A coalition founded by the two largest medical specialty societies, a trade association for the health insurance industry and a federally funded healthcare quality improvement organization have agreed on supporting a set of 26 performance measures for physicians in ambulatory-care settings.
The coalition, called the Ambulatory care Quality Alliance, or AQA, was organized in 2004 by the American Academy of Family Physicians, the American College of Physicians, America's Health Insurance Plans and the Agency for Healthcare Research and Quality with the aim of finding common ground on physician-level performance metrics to improve quality of care and lay a foundation for pay-for-performance programs.
Theirs is the second batch of ambulatory-care measures made public in the past two weeks. On April 21, the National Quality Forum released for public comment a draft set of 50 performance measures for ambulatory care.
"Most of the 26 AQA performance measures are in the NQF draft measures and come from the American Medical Association's evidence-based Physician Performance Measurement Set, said Douglas Henley, M.D., executive vice president of the 94,000-member American Academy of Family Physicians.
Henley said the alliance was not attempting to pre-empt the NQF or create a rival list, but to pick a smaller set of metrics that physicians and payers could agree on now. Final approval of the NQF's set by its board of directors is not expected until mid-summer or early fall.
"We're very supportive -- not only the academy, but all the other principals of the AQA -- of the NQF process," Henley said. "We felt that it was important in the spring of 2005 to identify this starter set, because many payers and Congress are looking to 2006 to implement some performance measures.
"We're talking about a sea change of how the whole healthcare system behaves, including how physicians and other providers get their work done and get paid," he said.
Coming up with a basic list now enables payers to incorporate the measures into pay-for-performance arrangements that will be used by payers and self-insured employers next year, Henley said. As the NQF list is balloted and approved, the AQA will take a look at the remainder of the NQF measures with an eye toward endorsement by the alliance for possible use in 2007.
"We will continue to discuss the next step beyond this," Henley said.

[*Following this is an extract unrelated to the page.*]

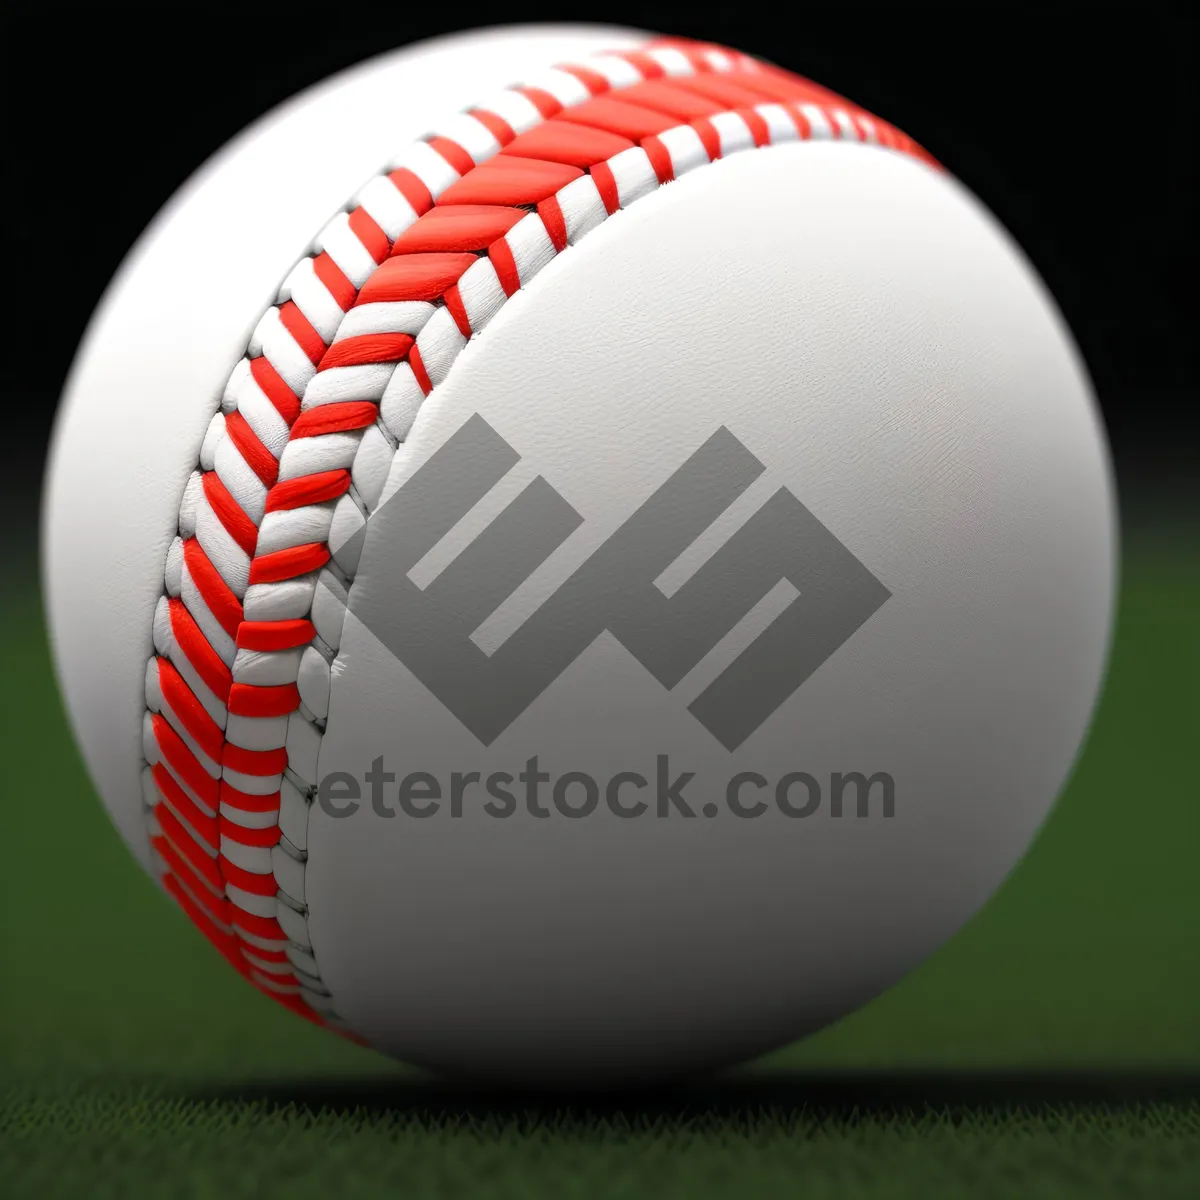 Picture of Baseball equipment on grass, ready for the game.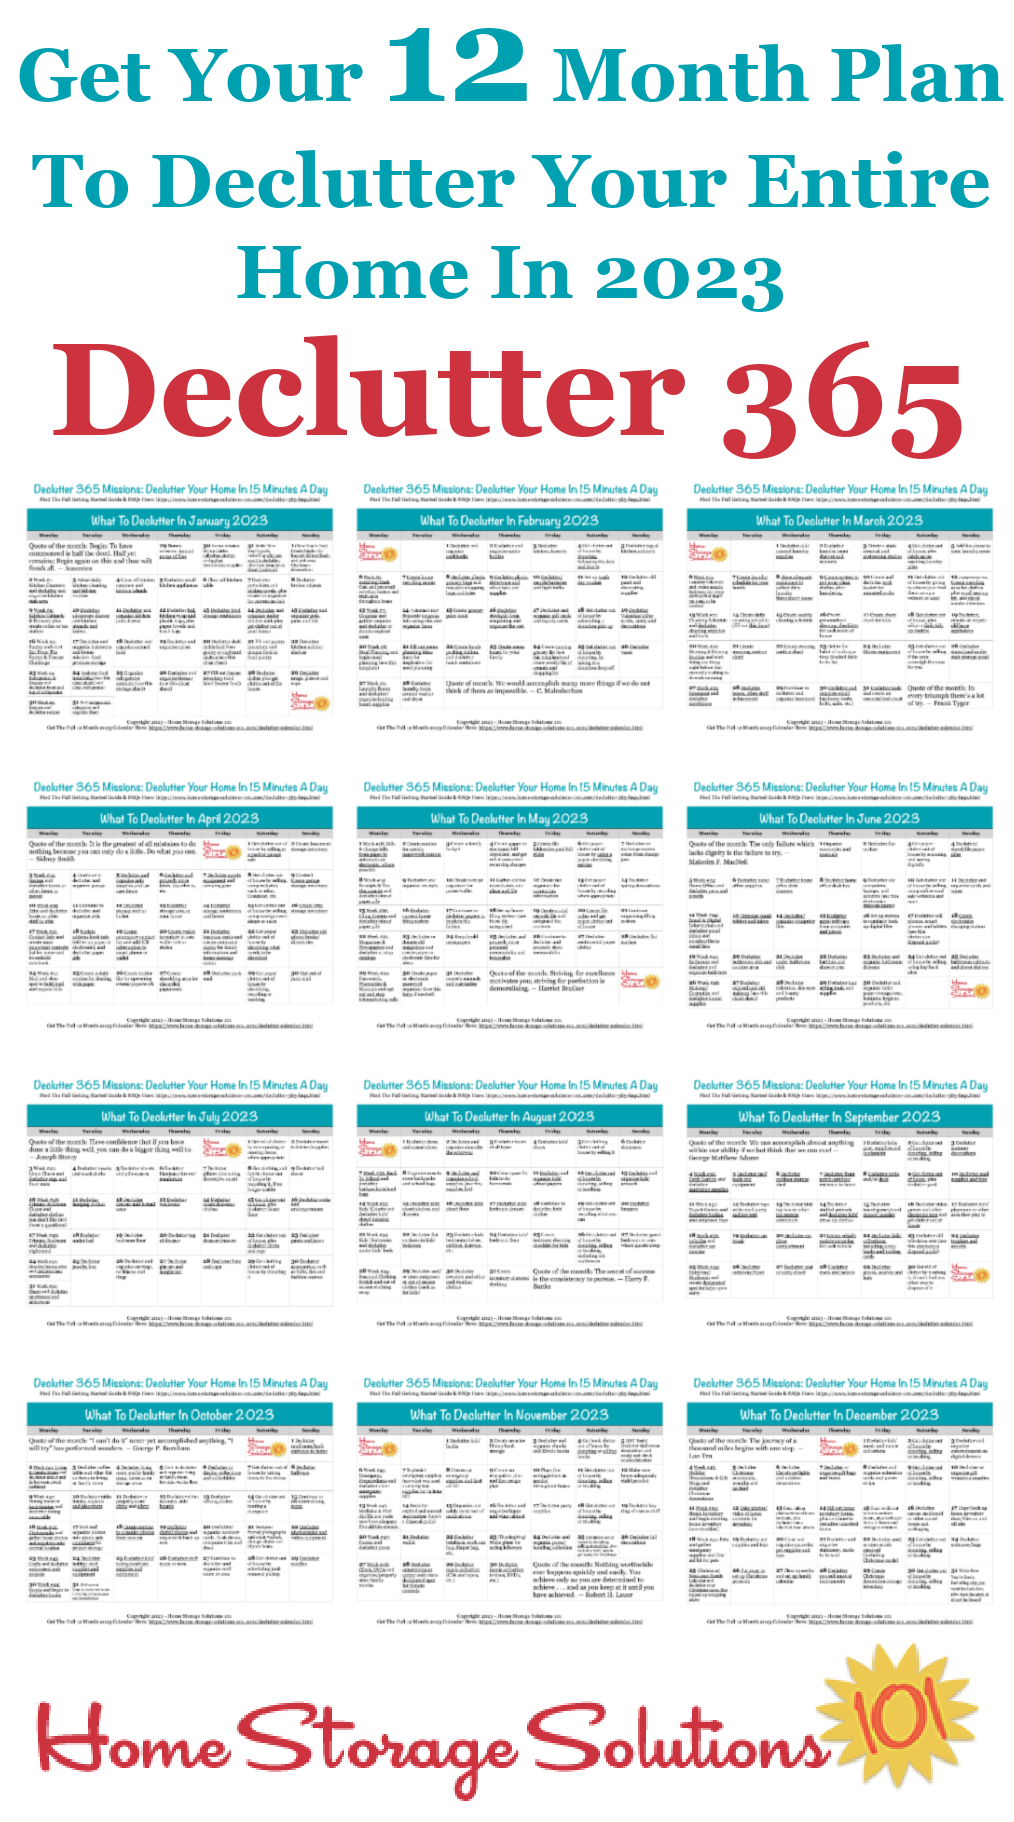 Free 12 month plan to declutter your entire home in 2023, including printable calendar pages from January through December, with daily 15 minute decluttering missions. If you feel overwhelmed this plan will help, because it gives you proven step by step instructions! {courtesy of Home Storage Solutions 101} #Declutter365 #Declutter #Decluttering

Carolyn Clancy, M.D., director of the Agency for Healthcare Research and Quality, also said the intent of the AQA effort is to "prioritize an implementation strategy" and not compete with the NQF in selecting or approving specific measures.
She, too, stressed a sense of urgency, driven by payers and consumers.
"It was very important to signal now the progress that has been made," Clancy said, but a subsequent expansion of the AQA list will rely on NQF-approved measures.
"Our goal here is harmonization, period," she said.
Many of the alliance guidelines are standard fare for quality improvement programs: the prescription of beta blockers after hospitalization for acute myocardial infarction, the percentage of patients ages 50 to 64 who were given flu shots and the timely screening of adults for colorectal cancer.
Two of the guidelines are for "efficiency," a word physicians often interpret as purely for cost control, but Henley said the two selected -- both of which are designed to gauge the appropriate use of antibiotics in treating children -- also have evidence to support their positive impacts on patient outcomes.